Second, feature selection performed outside CV leads to higher performance compared to selection performed inside CV.  The improvement here is not drastic, but often is; this estimator selects a percentage of features based on their individual correlations with the class label, rather than considering features jointly.  Selecting features using a multivariate linear model with an L1 penalty outside CV leads to an even larger gap.  Another procedure performed outside CV balances the number of positive and negative classes by downsampling the majority class.  This drastically inflates performance, especially when combined with feature selection; the resulting auPR of 0.81 is nearly twice that of the same model evaluated correctly.

Third, note that shuffled k-fold CV reports higher auPR than cross-chromosome validation.  Regions on the same chromosome may not be independent and thus have highly correlated features (violating independence in the IID assumption), making it easier for a model that trains one sample to accurately predict the label of another correlated sample.  Shuffling samples and creating training/test splits that ignore these potential correlations can inflate performance.  Using cross-cromosome validation, where all samples on the same chromosome are placed in either the training or test set, prevents this type of inflation.

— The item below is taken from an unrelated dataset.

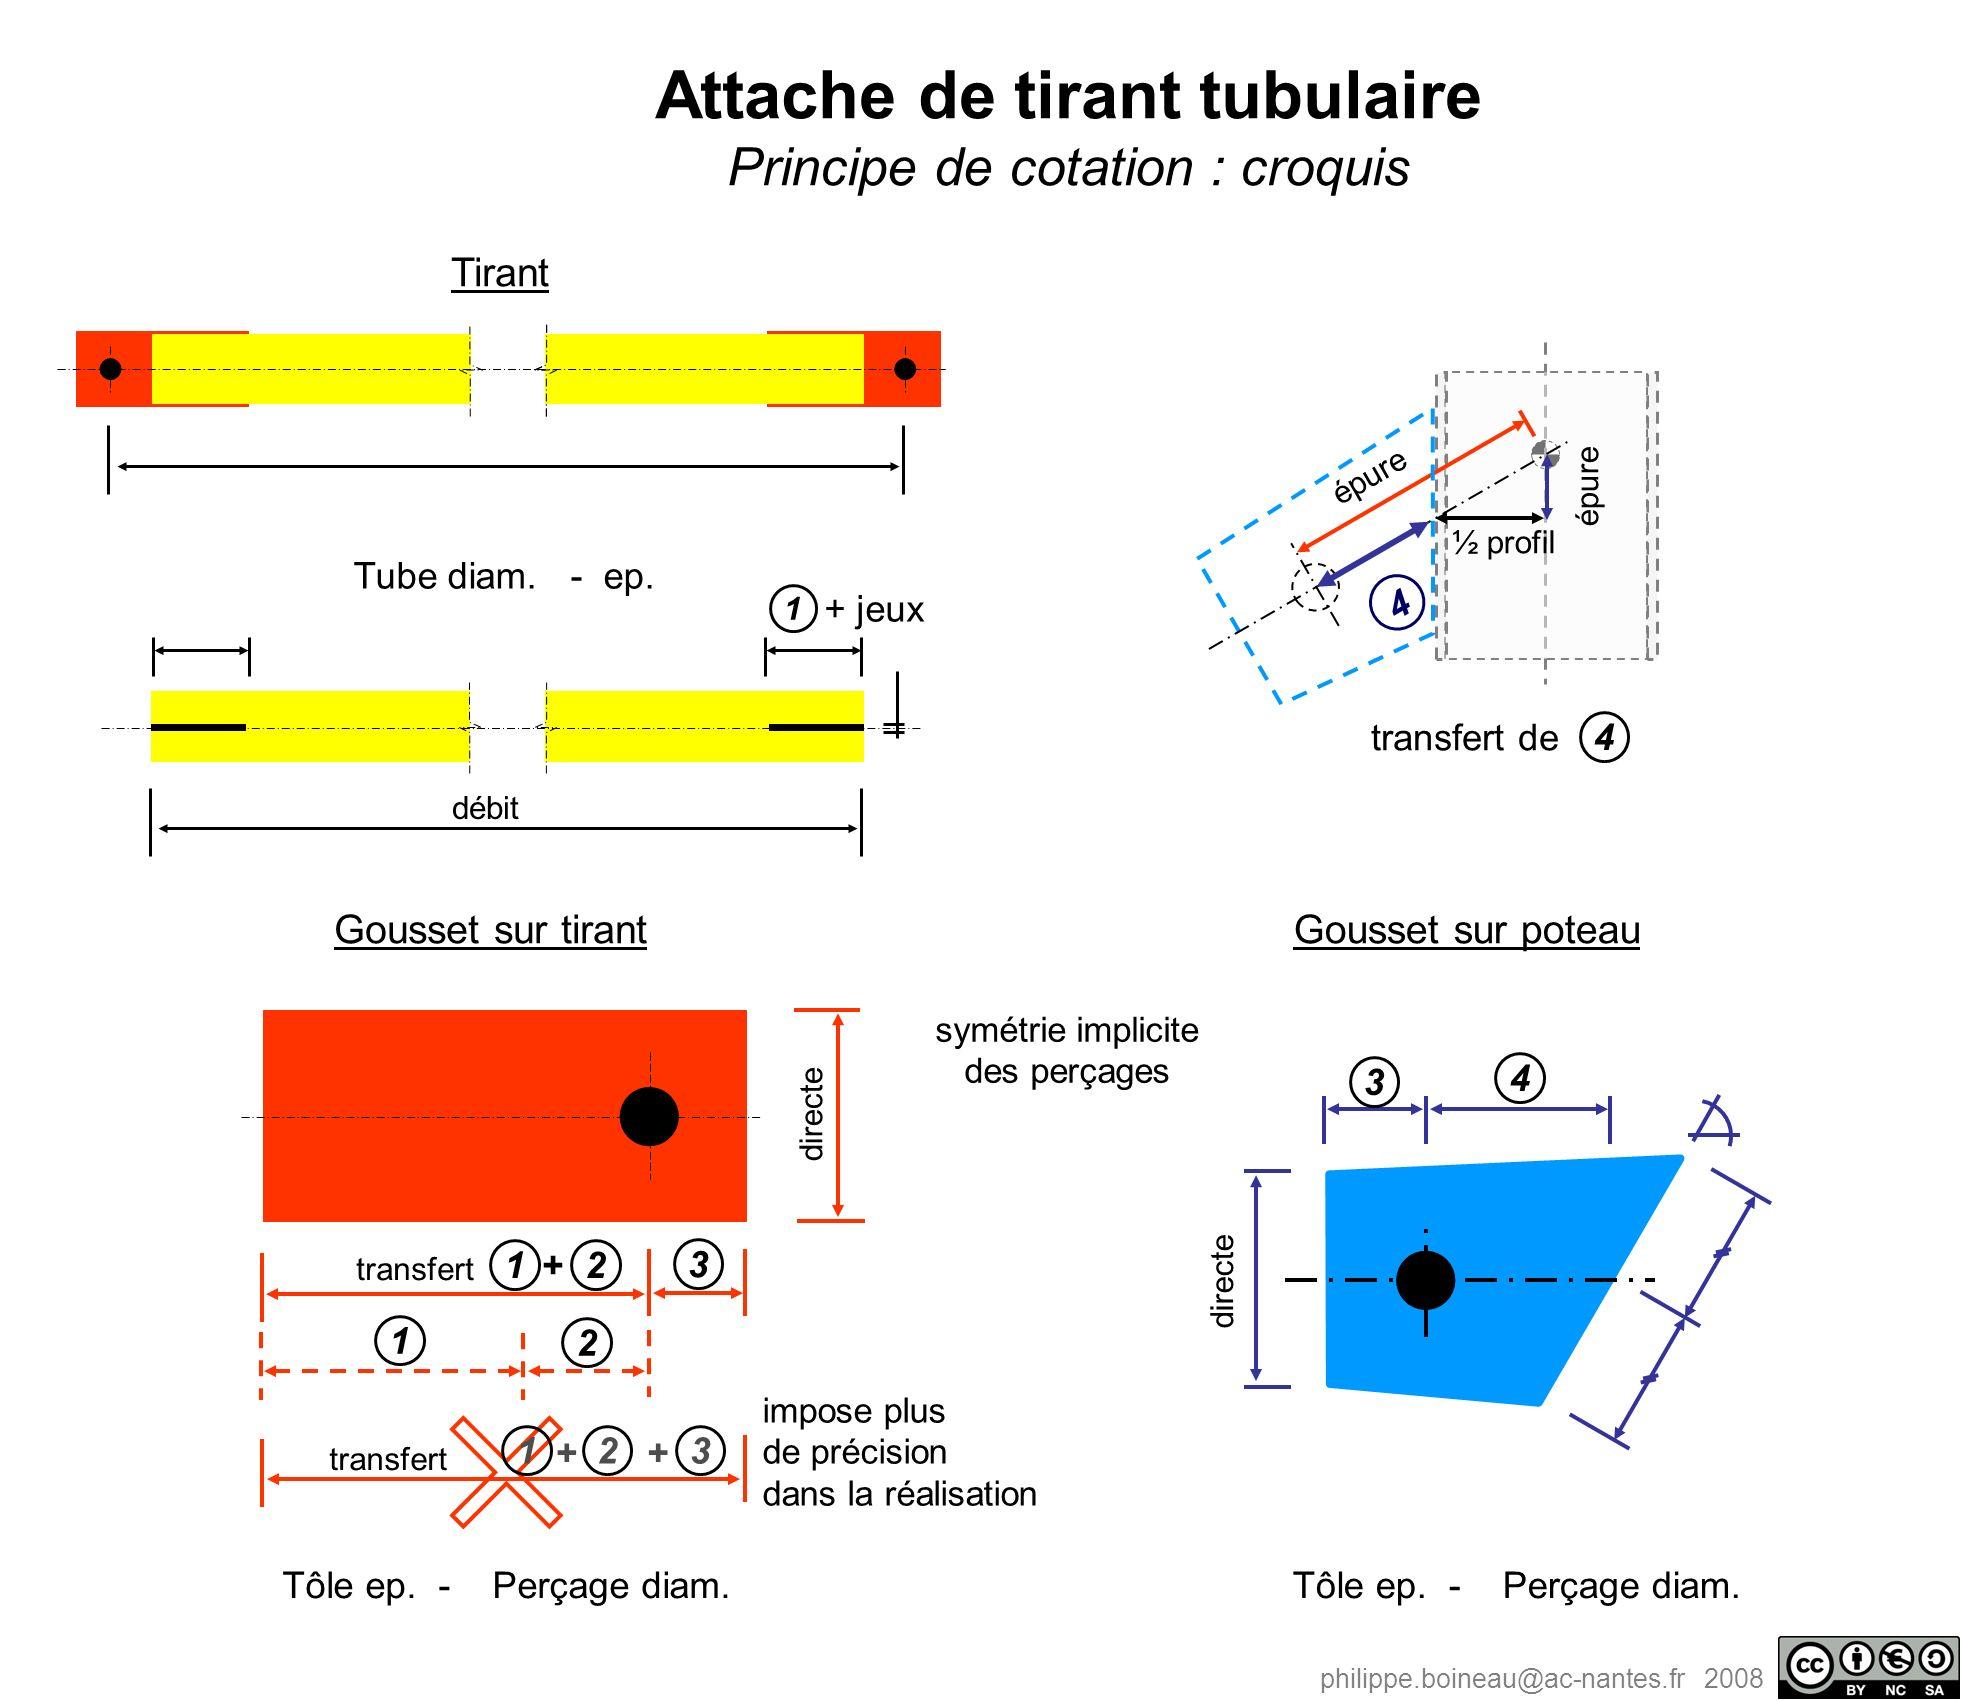 philippe.boineau@ac-nantes.fr 2008 Attache de tirant tubulaire Principe de cotation : croquis directe 3 1 2 transfert 12 + 12 ++ 3 impose plus de préc

Samples might also violate the identically-distributed portion of the IID assumption, having features that are distributed differently across chromosomes due to the underlying biology.  In this example, samples are not highly correlated; we will show the performance difference is due such such differences in feature distribution.  We can test this by building an adversarial classifier that tries to predict which chromosome a sample originates from, rather than trying to predict the enhancer label.

In [81]:
chromosome_labels = (
    features
    .index
    .to_series()
    .str.startswith('chr1:')
    .astype(int)
)

scores = cross_val_score(
    linear_estimator,
    features,
    chromosome_labels,
    cv = 5,
    scoring = 'average_precision'
)
print(f'adversarial performance: {scores.mean():.2f}')

adversarial performance: 0.58


This is a modest improvement over random guessing, suggesting that the performance drop observed using cross-chromosome evaluation is at least partly due to differences in the distribution of features.

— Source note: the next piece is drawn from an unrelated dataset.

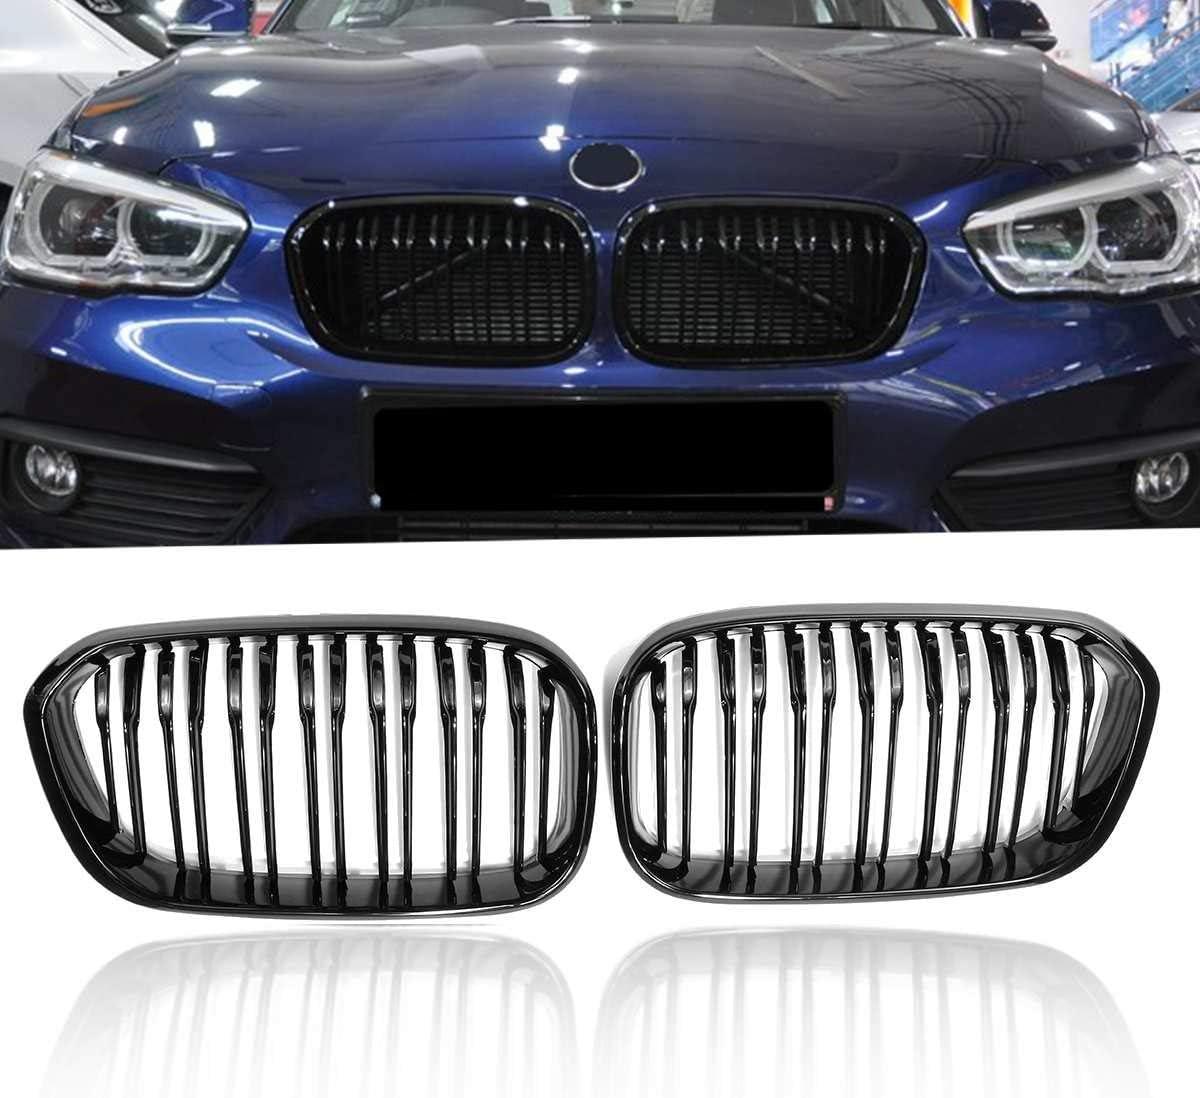 JNXZHQC Grille de calandre de Rein de Voiture./pour BMW F20 F21 120i 118i 118d 116i M135i 1 s/érie 2015 2016 2017 Style de Pare-Chocs Avant///Brillant Noir Mat

Since our features are binary, feature density plots won't be very interesting.  Instead, let's take a statistical approach and perform a difference-of-proportions test for the values of the most predictive features, split by chromosome.

In [82]:
linear_estimator.fit(features, labels)

coefs = pd.Series(
    linear_estimator.steps[-1][1].coef_[0],
    index = features.columns[linear_estimator.steps[0][1].get_support()]
)
coefs = (
    coefs
    .abs()
    .sort_values(ascending = False)
    .index
    .tolist()
)

features['chrom'] = chromosome_labels

for i in range(5):
    counts = (
        features
        .groupby('chrom')
        [coefs[i]]
        .agg([sum, len])
    )

    zstat, pvalue = proportions_ztest(counts['sum'], counts['len'])
    print(f'{zstat:.1f} {pvalue:.1e} {coefs[i]}')

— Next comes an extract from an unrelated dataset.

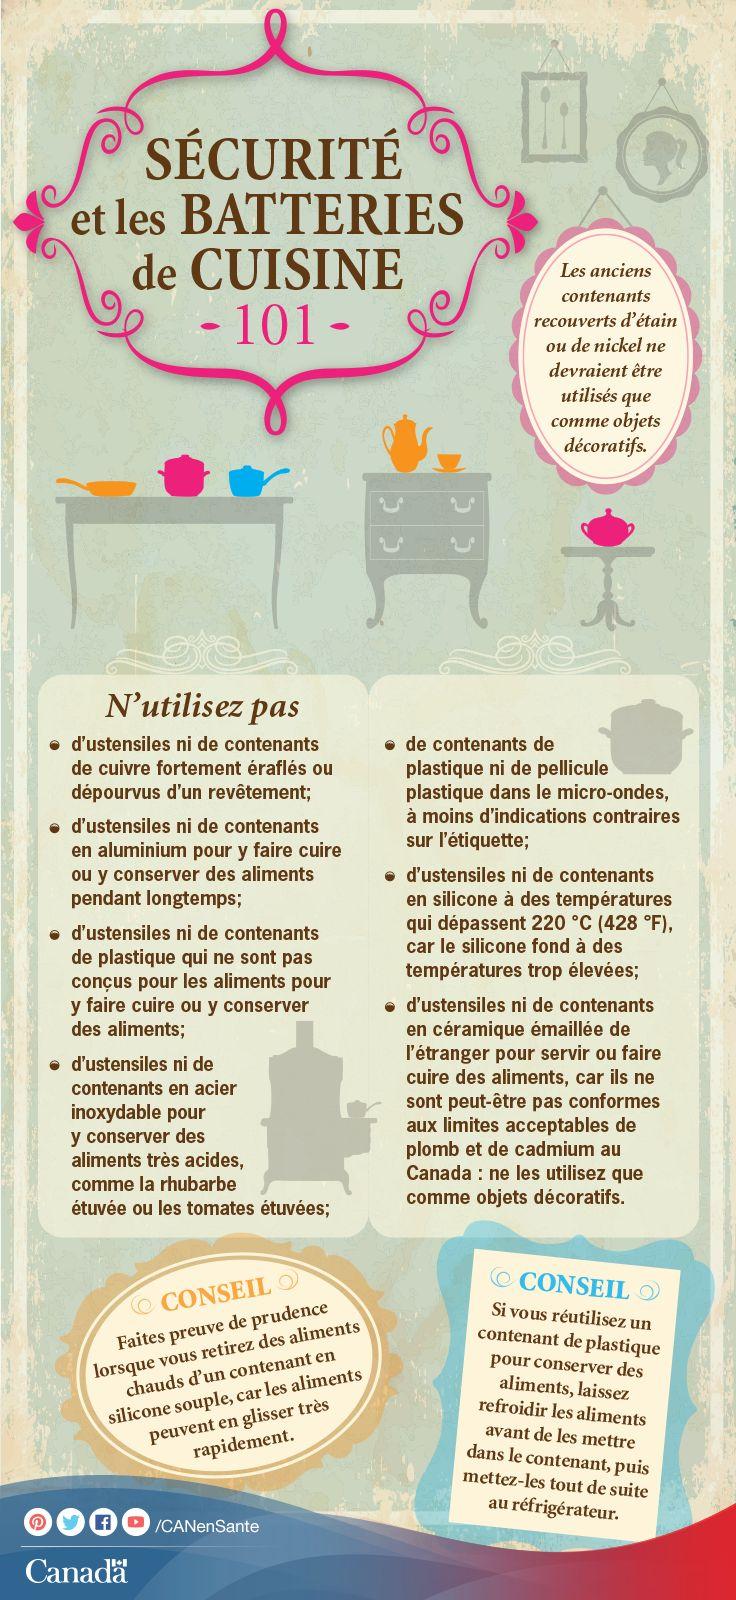 Découvrez les avantages et les risques de différentes batteries de cuisine :  http://canadiensensante.gc.ca/consumer-consommation/home-maison/cook-cuisinier-fra.php?_ga=1.101094533.525080773.1393857104utm_source=pinterest_hcdnsutm_medium=socialutm_content=June26_bakeware_FRutm_campaign=social_media_14

-6.2 6.0e-10 ChIP-seq, ARNT, K562, ENCFF447FIO (ENCODE)
-5.3 1.4e-07 ChIP-seq, POLR2A, K562, ENCFF285MBX (ENCODE)
-5.0 7.1e-07 ChIP-seq, POLR2A, K562, ENCFF099NYA (ENCODE)
-4.4 1.0e-05 ChIP-seq, TAF1, K562, ENCFF453TIB (ENCODE)
-5.1 4.2e-07 ChIP-seq, POLR2A, K562, ENCFF730DLS (ENCODE)


The p-value for the difference-of-proportions test is significant for the top 5 features.  Repeating this test for the least predictive features shows no significant p-values.  In summary, features the model finds most predictive are also distributed somewhat differently across chromosomes, causing a moderate drop in performance when the model is forced to train on samples from only one chromosome and predict on another.